Seminar: - CANCELLED - Wednesday, September 27, 1:30pm, DC 1304
Speaker: - CANCELLED - Chen Li, UC Irvine
Title: - CANCELLED - Answering Approximate Queries Efficiently
Abstract: Many database applications have the emerging need to answer approximate queries efficiently. Such a query can ask for strings that are similar to a given string, such as "names similar to Schwarzenegger" and "telephone numbers similar to 412-0964," where "similar to" uses a predefined, domain-specific function to specify the similarity between strings, such as edit distance. There are many reasons to support such queries. To name a few: (1) The user might not remember exactly the name or the telephone number when issuing the query. (2) There could be typos in the query. (3) There could be errors or inconsistencies even in the database, especially in applications such as data cleaning.

In this talk we will present some of our recent results on answering approximate queries efficiently. One problem related to optimizing such queries is to estimate the selectivity of a fuzzy string predicate, i.e., estimating how many strings in the database satisfy the predicate. We develop a novel technique, called SEPIA, to solve the problem. We will present the details of this technique using the edit distance function. We study challenges in adopting this technique, including how to construct its histogram structures, how to use them to do selectivity estimation, and how to alleviate the effect of non-uniform errors in the estimation. We discuss how to extend the techniques to other similarity functions. We show the results of our extensive experiments.
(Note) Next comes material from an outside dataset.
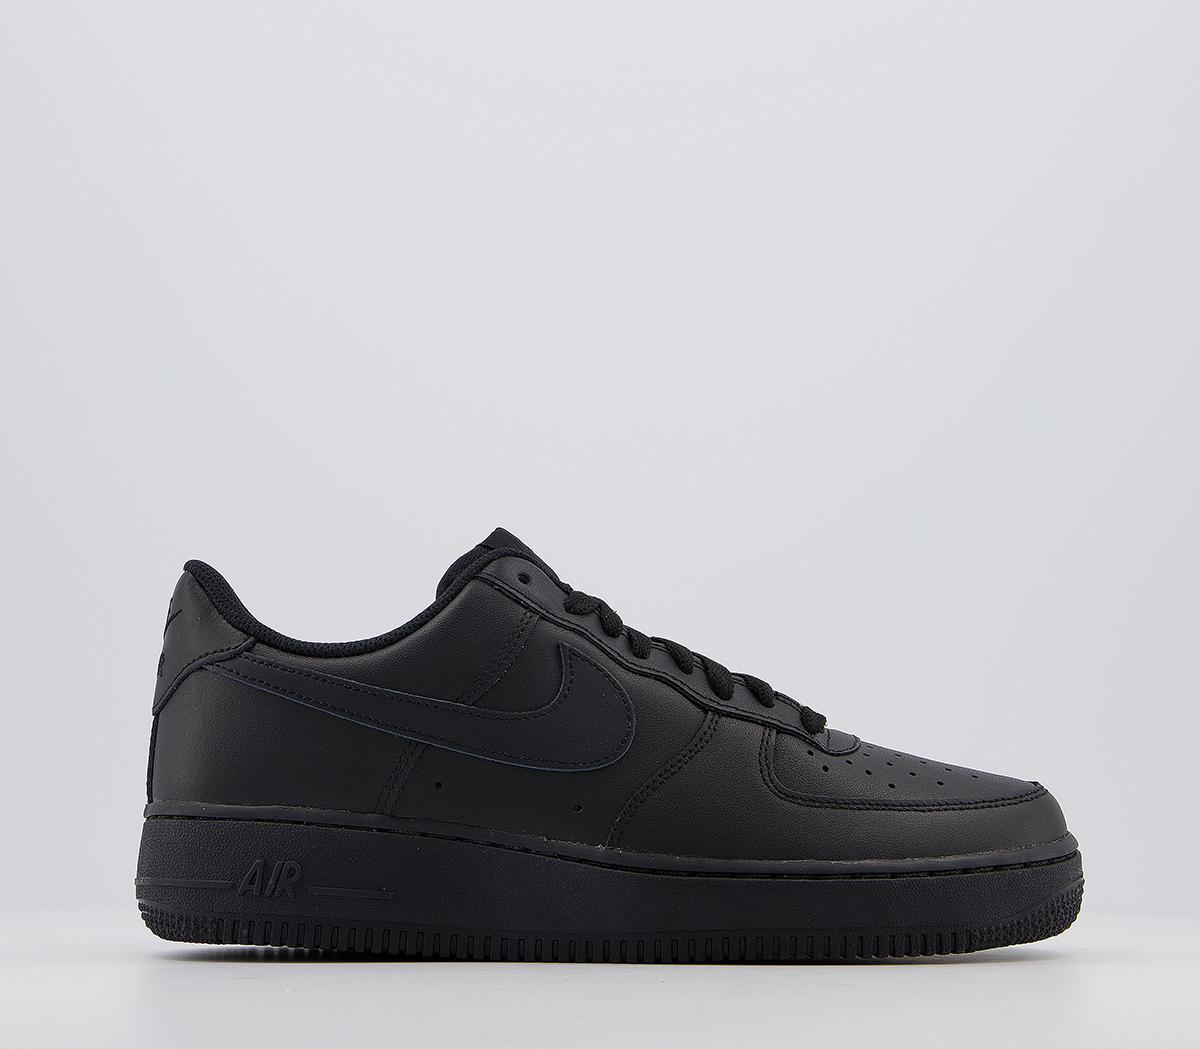 Nike Air Force 1 Trainers Black - Unisex Sports

Time permitting, we will also briefly report our other related results. One is on supporting fuzzy queries with both predicates on numeric attributes (e.g., salary > 50K) and predicates on string attributes (e.g., telephone numbers similar to 412-0964). Another one is on how to relax conditions in an SQL query that returns an empty answer. These results are based on three recent papers in VLDB'2005 and VLDB'2006.
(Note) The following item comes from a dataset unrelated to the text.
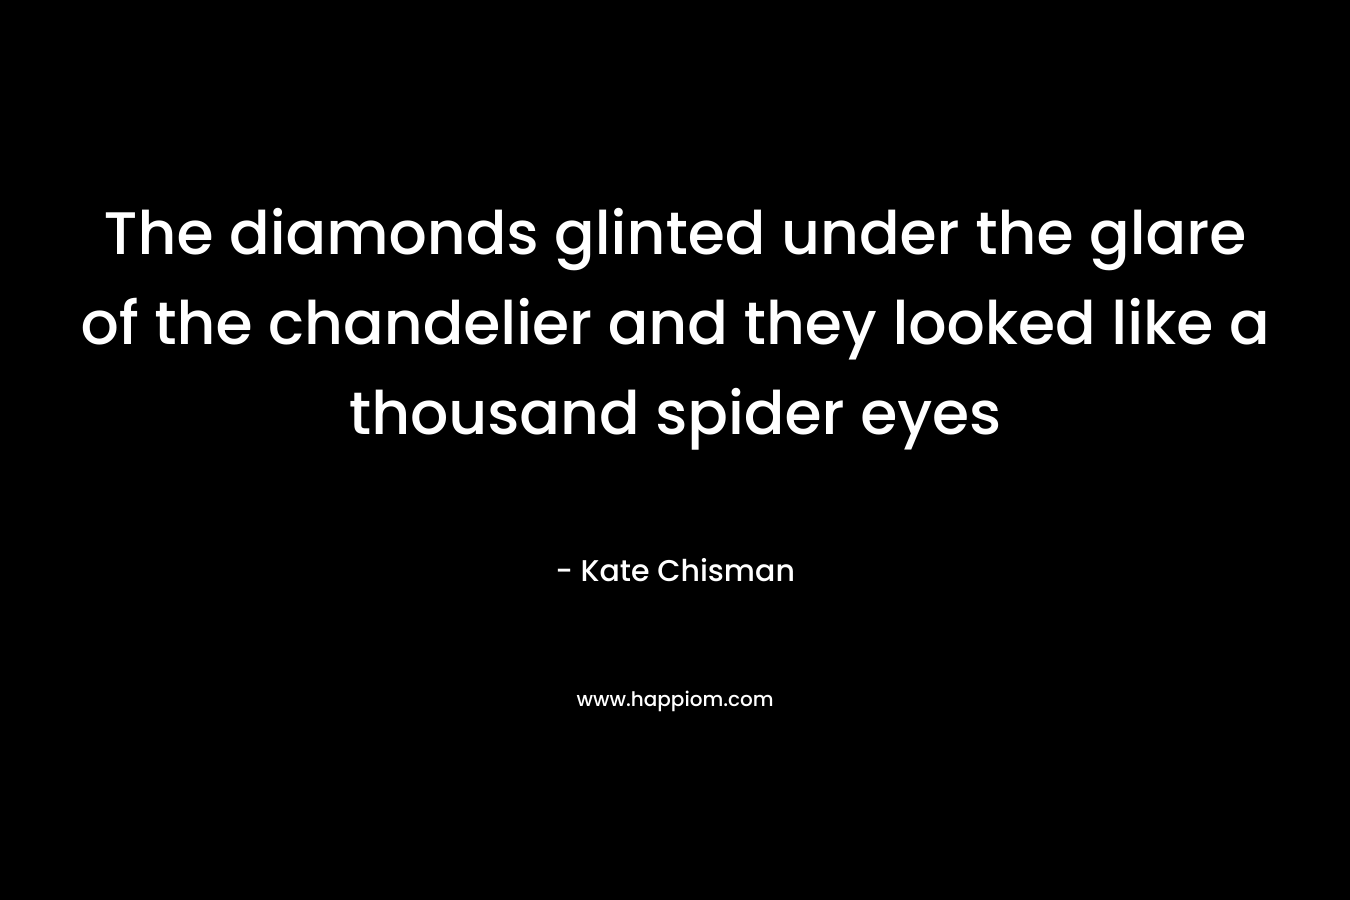 The diamonds glinted under the glare of the chandelier and they looked like a thousand spider eyes

Bio: Chen Li is an assistant professor in the Department of Computer Science at the University of California, Irvine. He received his Ph.D. degree in Computer Science from Stanford University in 2001, and his M.S. and B.S. in Computer Science from Tsinghua University, China, in 1996 and 1994, respectively. He received a National Science Foundation CAREER Award in 2003. He is currently a part-time Visiting Research Scientist at Google, Santa Monica. His research interests are in the fields of database and information systems, including data integration and sharing, data cleansing, data warehousing, and data privacy. More information is available at: http://www.ics.uci.edu/~chenli/

DB Meeting: Friday September 29, 2:00pm, DC 1331
Speaker: Matthew Young-Lai
Title: Logging and Crash Recovery
Abstract: The choice between logical and physical logging is a trade-off. Physical logging writes much more data to the log. Logical logging requires more expensive management of the relationship between the persistent database on disk and the cache in memory. The following papers develop a theory that improves the understanding of this issue and implies the possibility of better logging strategies. I'll overview some of the ideas.

Lomet, D. and Tuttle, M. A Theory of Redo Recovery. SIGMOD Conference, San Diego, CA (June 2003) 397-406
Lomet, D. and Tuttle, M. Logical Logging to Extend Recovery to New Domains. ACM SIGMOD Conference Philadelphia, PA (June, 1999)
Lomet, D. and Tuttle, M. Redo Recovery after System Crashes. VLDB Conference, Zurich, Switzerland (Sept. 1995) 457-468.


DB Meeting: Friday October 13, 2:00pm, DC 1331
Speaker: Dan Farrar
Title: Automatically summarizing a database workload
Abstract: Analyzing the performance of a complex database application, and in particular answering questions about its scalability, can be very difficult. To be able to answer such questions, we would like to be able to convert the application into a small but representative set of statements. This set of statements can then be used, among other things, as inputs to a capacity planning simulation or to develop a custom benchmark, making the scalability analysis tractable. Converting a trace log of SQL statements into a manageably small set without losing its key features can be done with data mining techniques. I will explore different methods of characterizing a database workload, with emphasis on a method described by Wasserman et al.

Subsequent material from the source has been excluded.